Welcome to the People’s Republic of Control 3.0: 2022-2027
The conclusion of the 20th Party Congress signifies the launch of Xi’s third term as leader of the CCP. The heavily scripted and carefully manipulated optics at the conclave highlight a key characteristic of China under Xi: the high priority assigned to ensure centralized control of all aspects of internal and external party-military-state activity. Xi boldly insisted in his work report that “[t]he wheels of history are rolling on towards China’s reunification and the rejuvenation of the Chinese nation.” Xi’s first five-year term as CCP leader witnessed him consolidate his hold over the political apparatus and centralize and streamline his control of the military. Xi’s second five-year term saw Xi reassert party-military-state control over the economy as well as tighten Beijing’s control over multiple peripheral — ostensibly autonomous — regions such as Xinjiang and Hong Kong. Moreover, Xi launched ambitious initiatives to firmly assert greater control over a range of maritime and continental territories claimed by the PRC.
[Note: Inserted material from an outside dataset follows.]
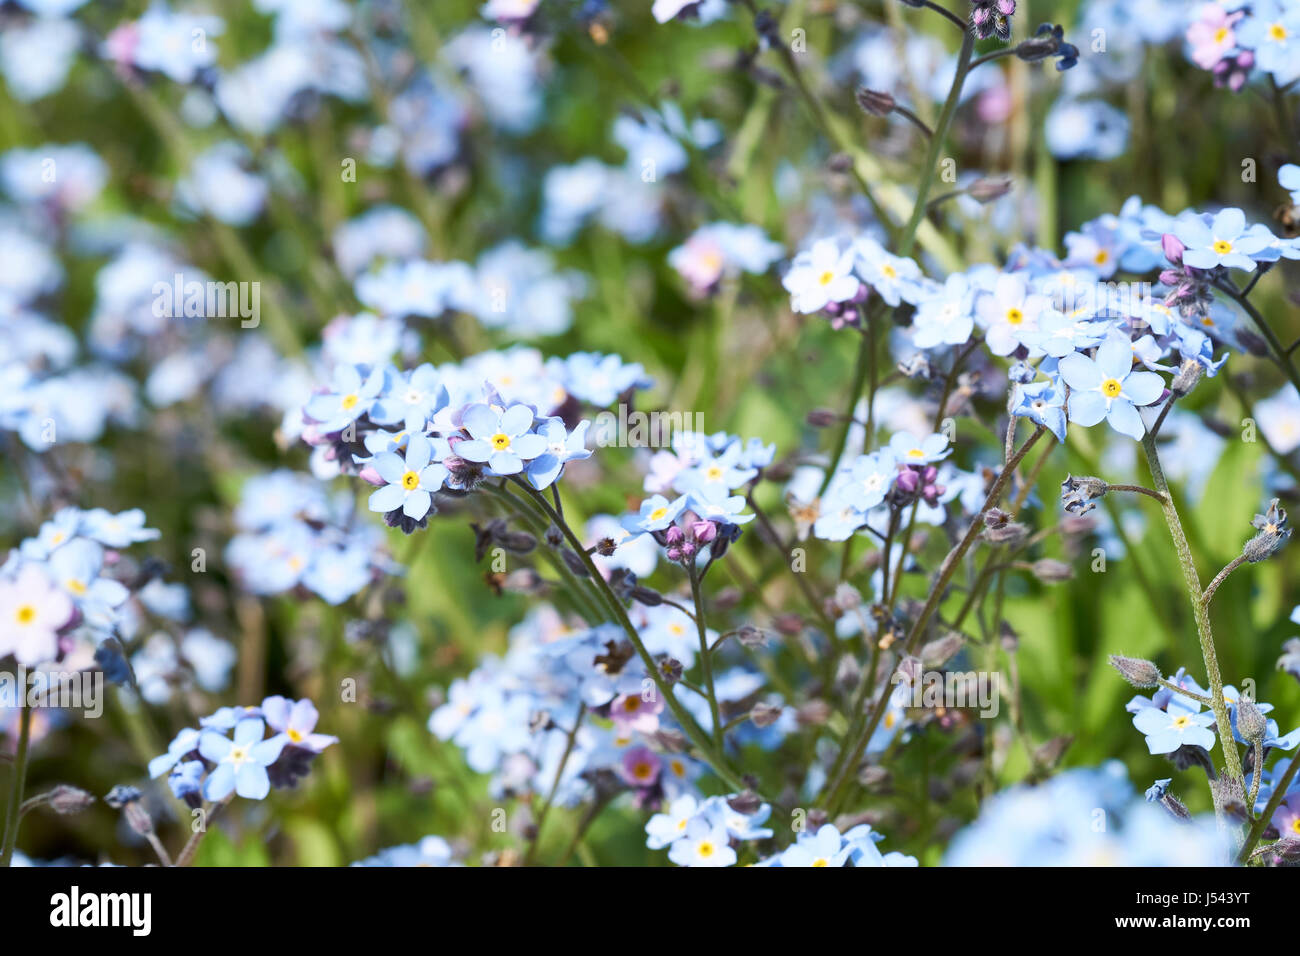 Blue flowered water forget-me-not (Myosotis scorpioides) plants growing in a English country garden flowerbed, UK. Stock Photo

With Xi’s re-election as CCP general secretary, we are now witnessing the roll out of the People’s Republic of Control 3.0. While one might expect Xi to be girded by greater confidence and reassurance following his triumphs at the Party conclave, this is unlikely because of the range of knotty challenges he continues to face. Among them are anticipated fierce economic headwinds which will strain the system and put pressure on Xi’s statist policies in coming years. Moreover, Xi can also expect foreign policy complexities, notably with the United States, considered China’s most potent and threatening competitor, and with Russia, ostensibly China’s staunchest and weightiest strategic partner, that has recently demonstrated truculence and shocking frailties over Ukraine.
The citizens of China can expect a continuation of current hardline policies and greater centralization of power; other countries should anticipate an assertive and combative PRC led by an activist dictator and an energetic party-military-state obsessed with seeking to control all aspects of human activity and to dominate all arenas both inside and outside its borders.